_Provided data_
————————

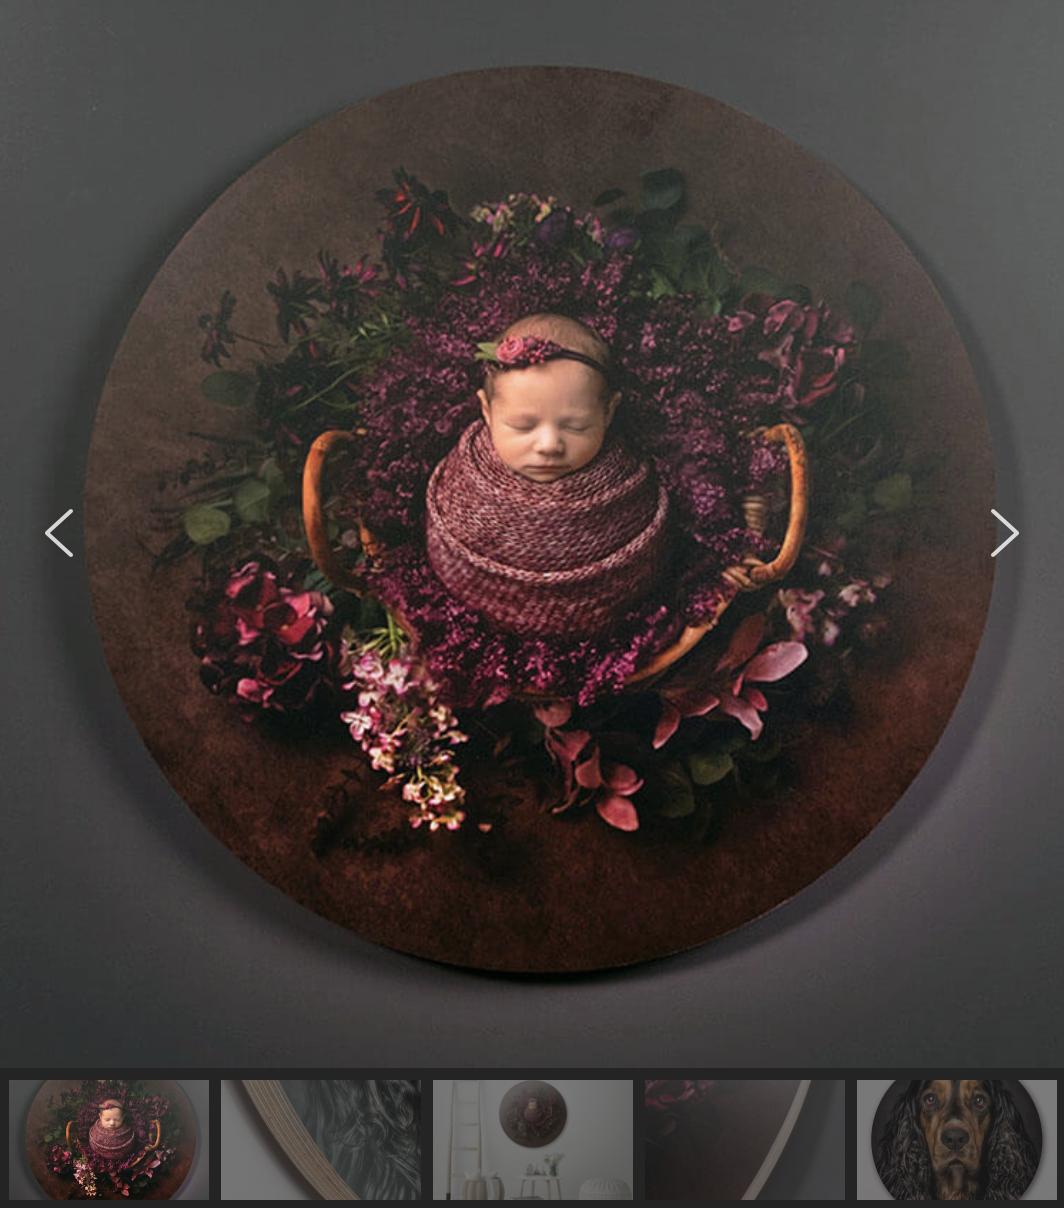 "Newborn Session products: 20"" Birch Sphere"
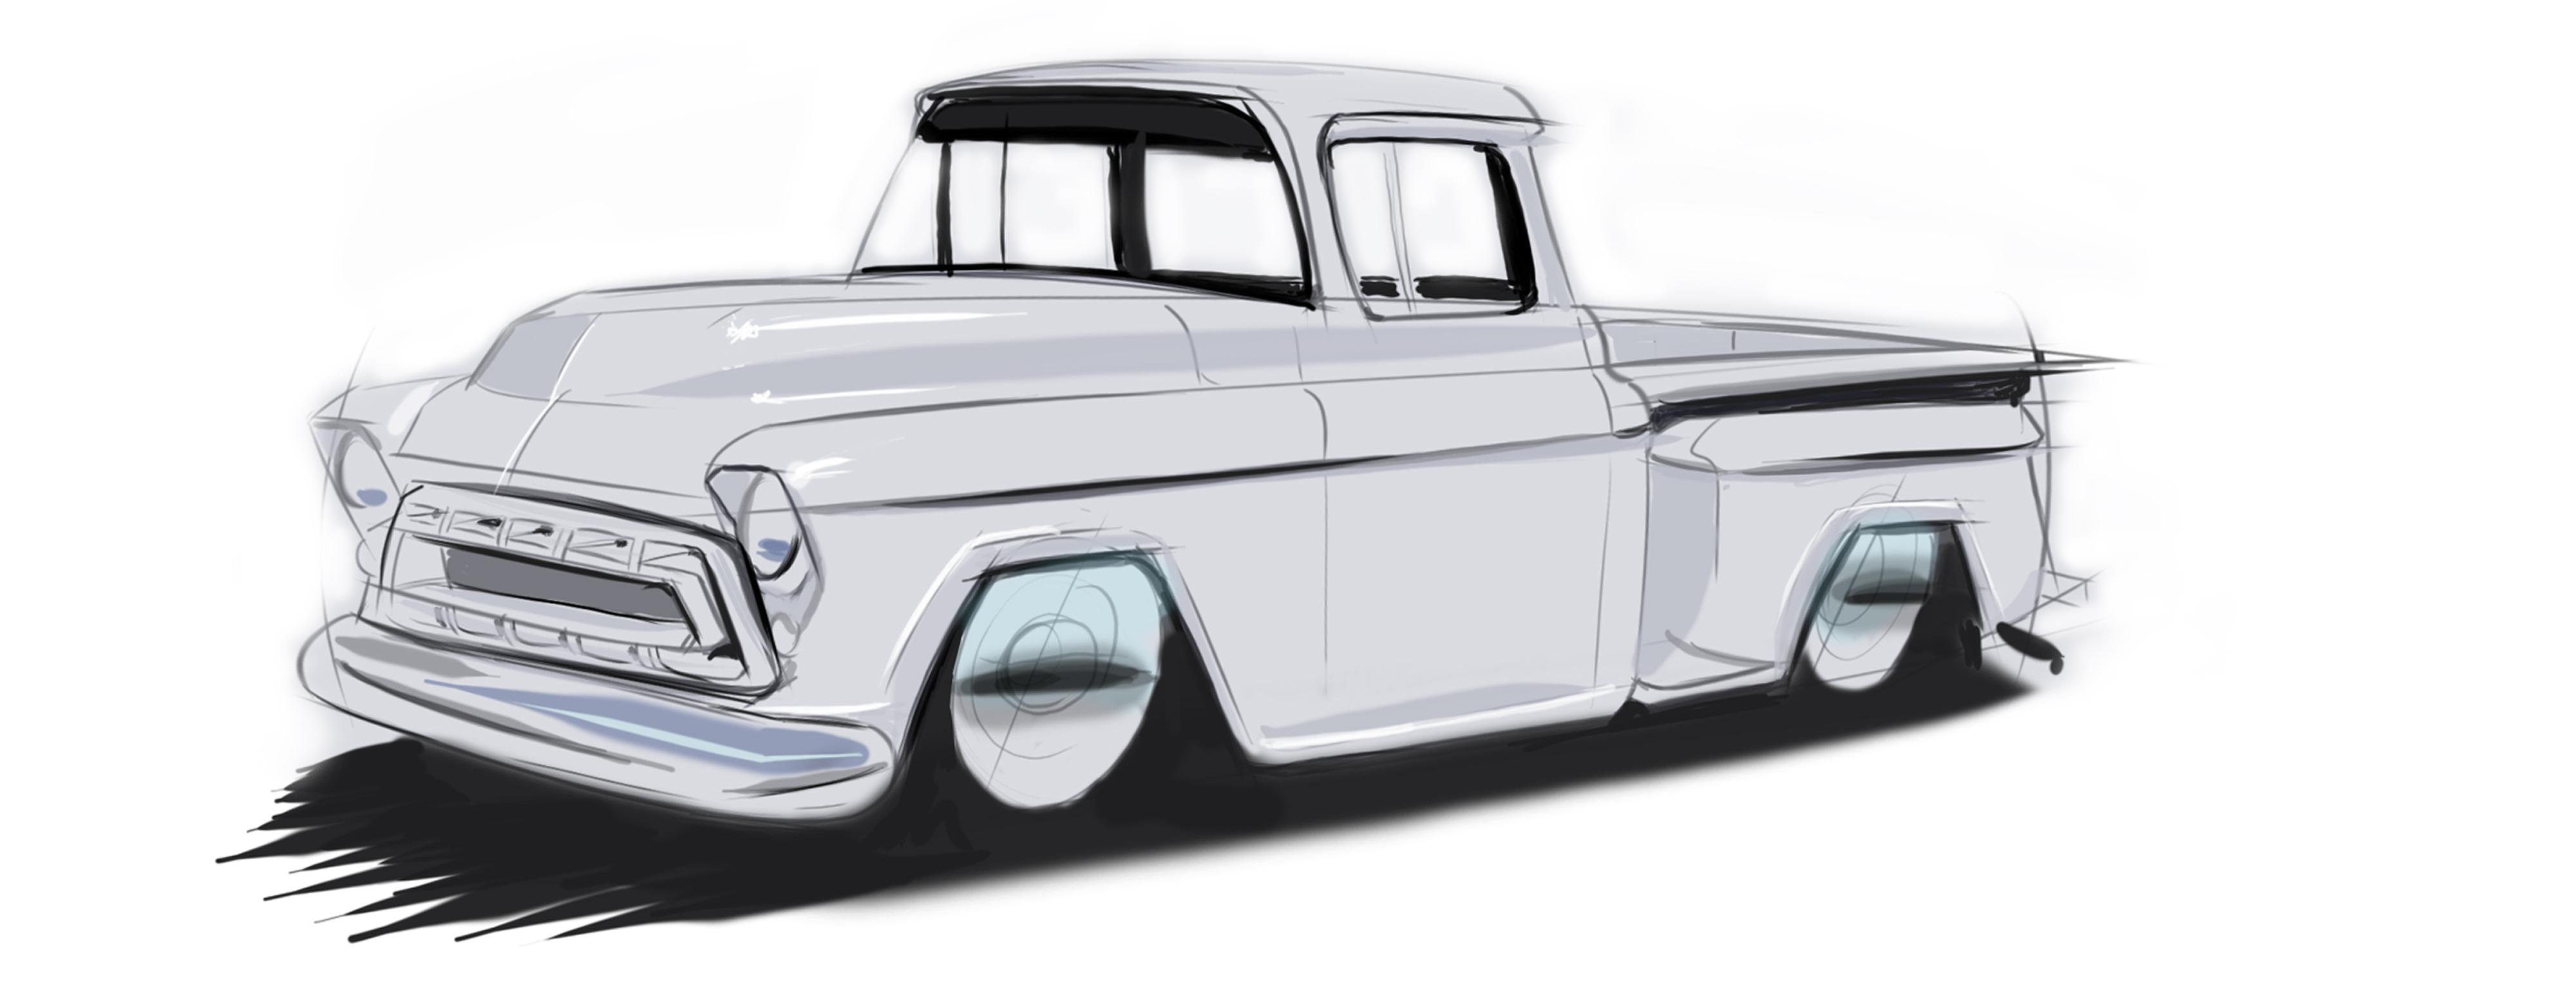 1957 Chevrolet Step Side Truck Hand Drawn Digtal Car Sketch Rendering
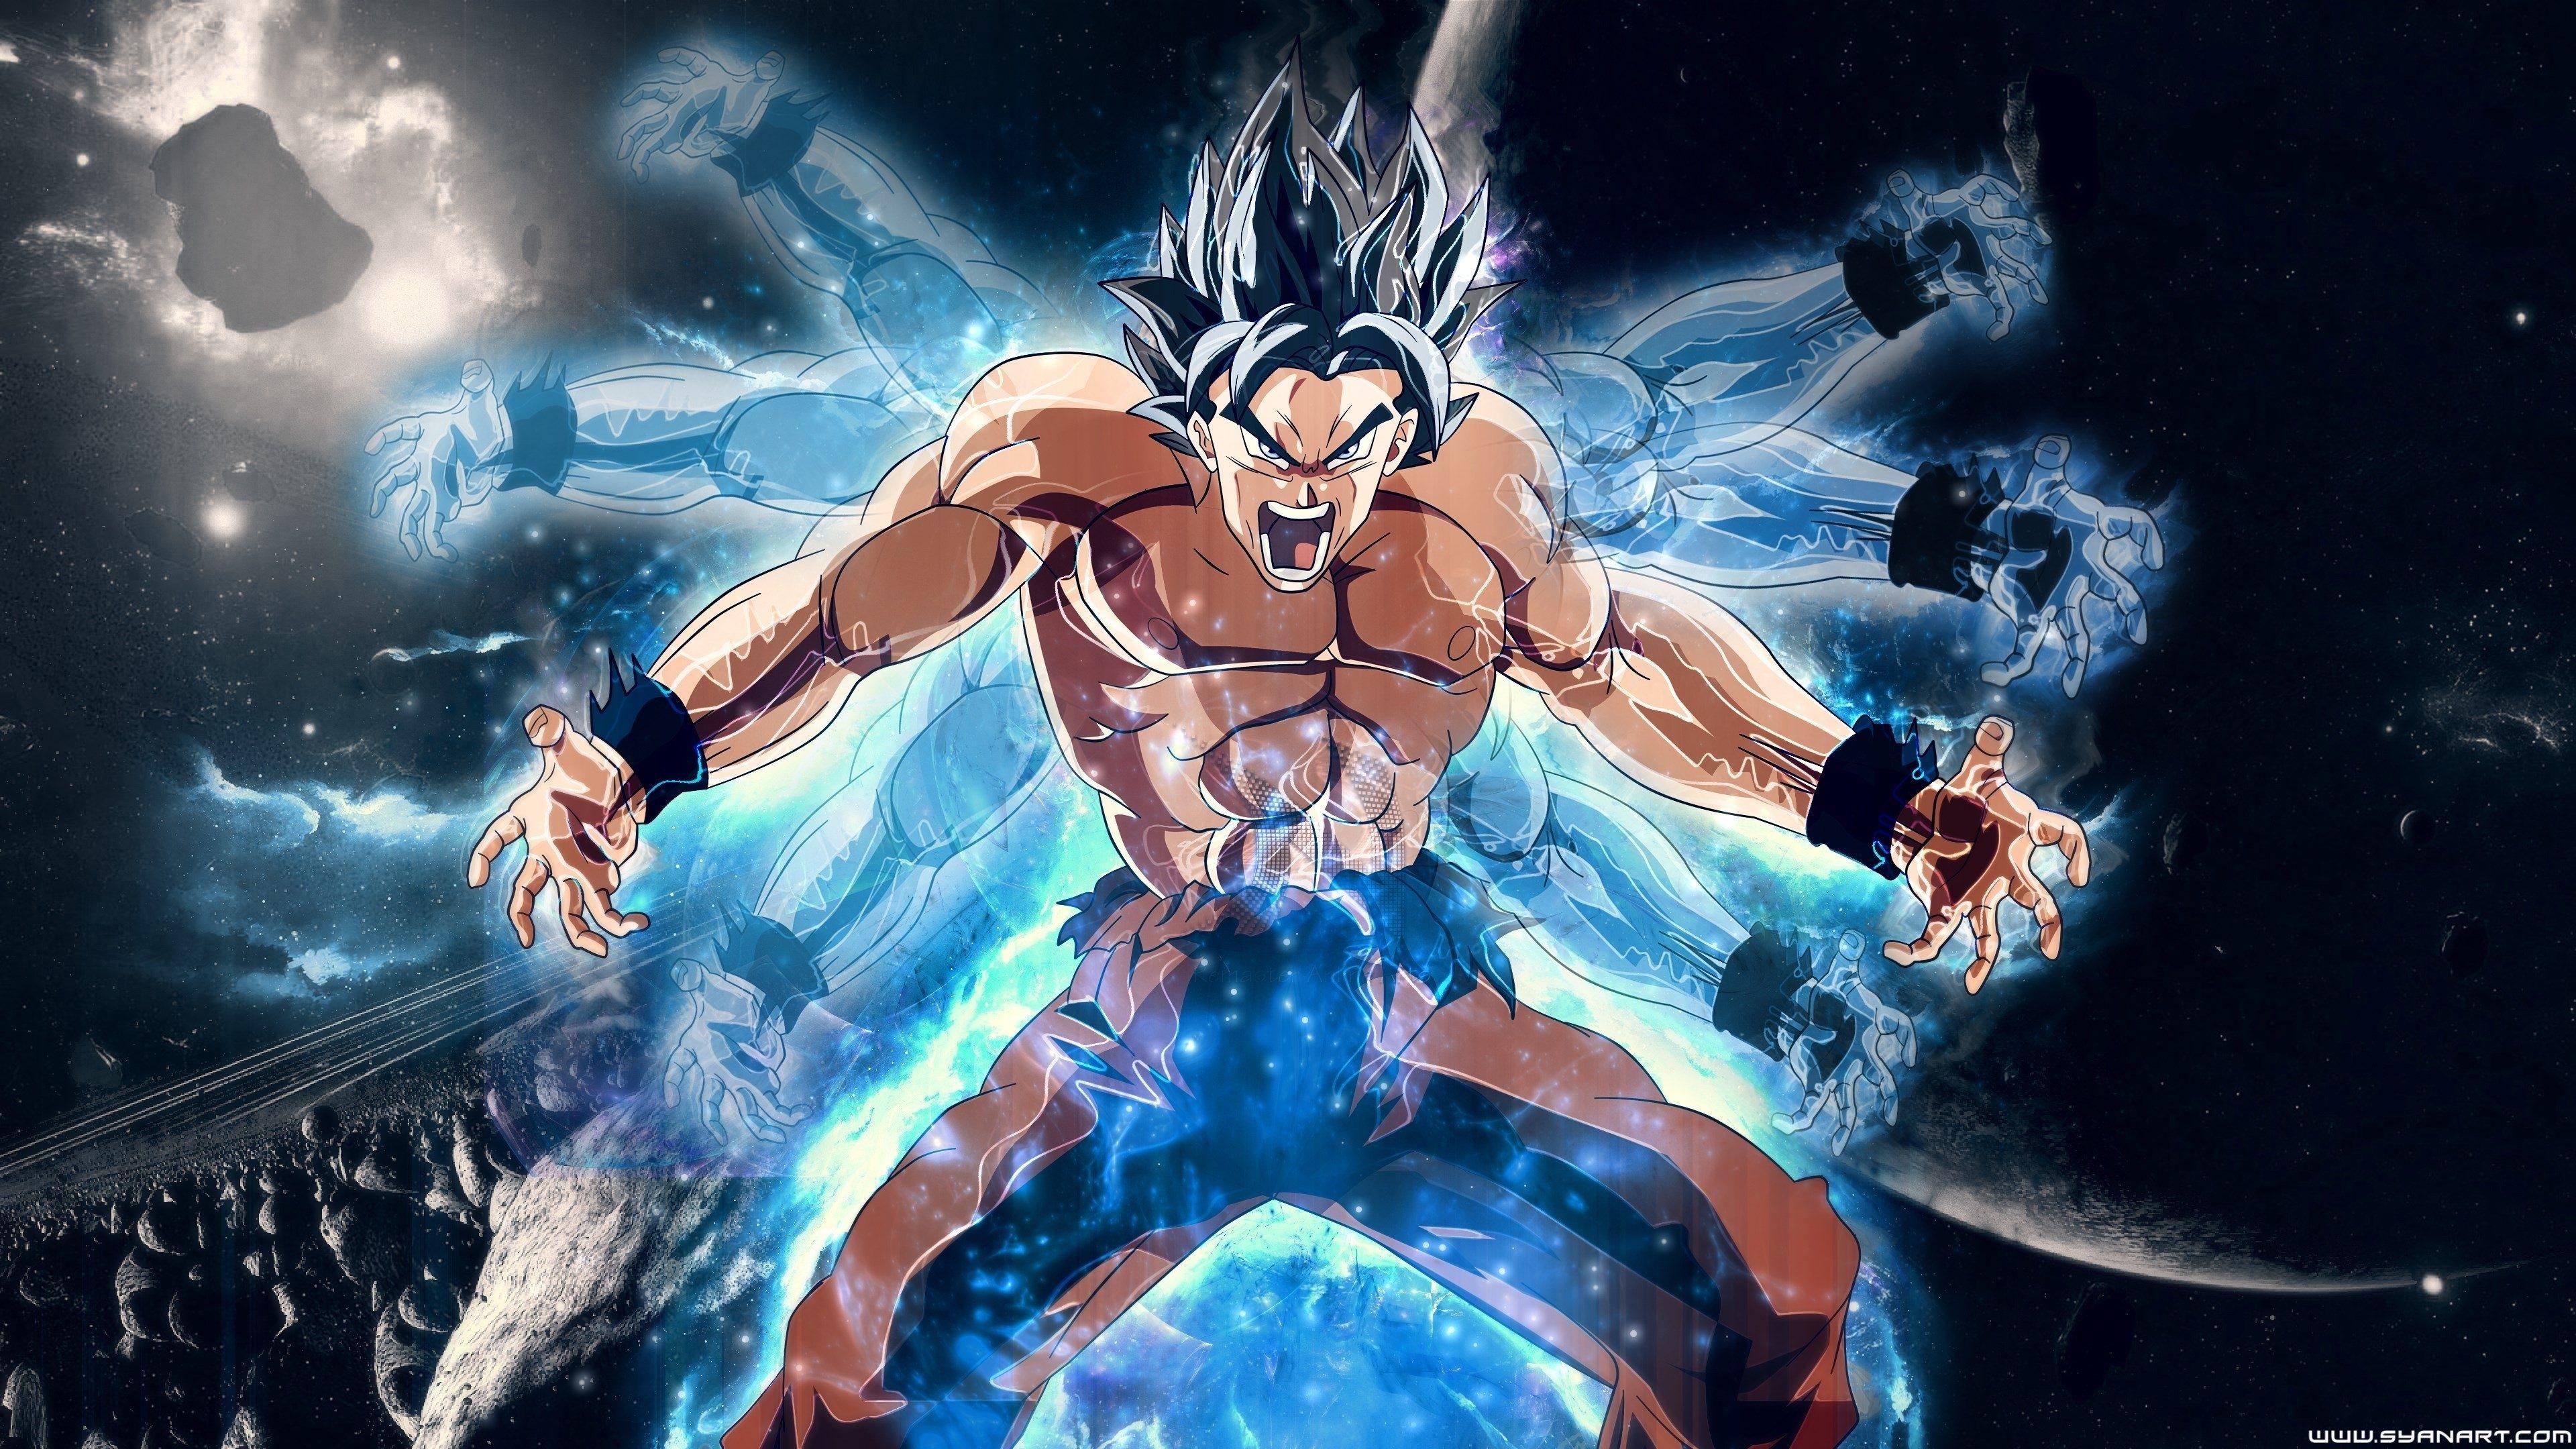 10 Most Popular Hd Dragon Ball Wallpaper Full Hd 1080p For Pc

————————

Exact repetition of the data is needed, with no images retained.

 "Newborn Session products: 20"" Birch Sphere"
 1957 Chevrolet Step Side Truck Hand Drawn Digtal Car Sketch Rendering
 10 Most Popular Hd Dragon Ball Wallpaper Full Hd 1080p For Pc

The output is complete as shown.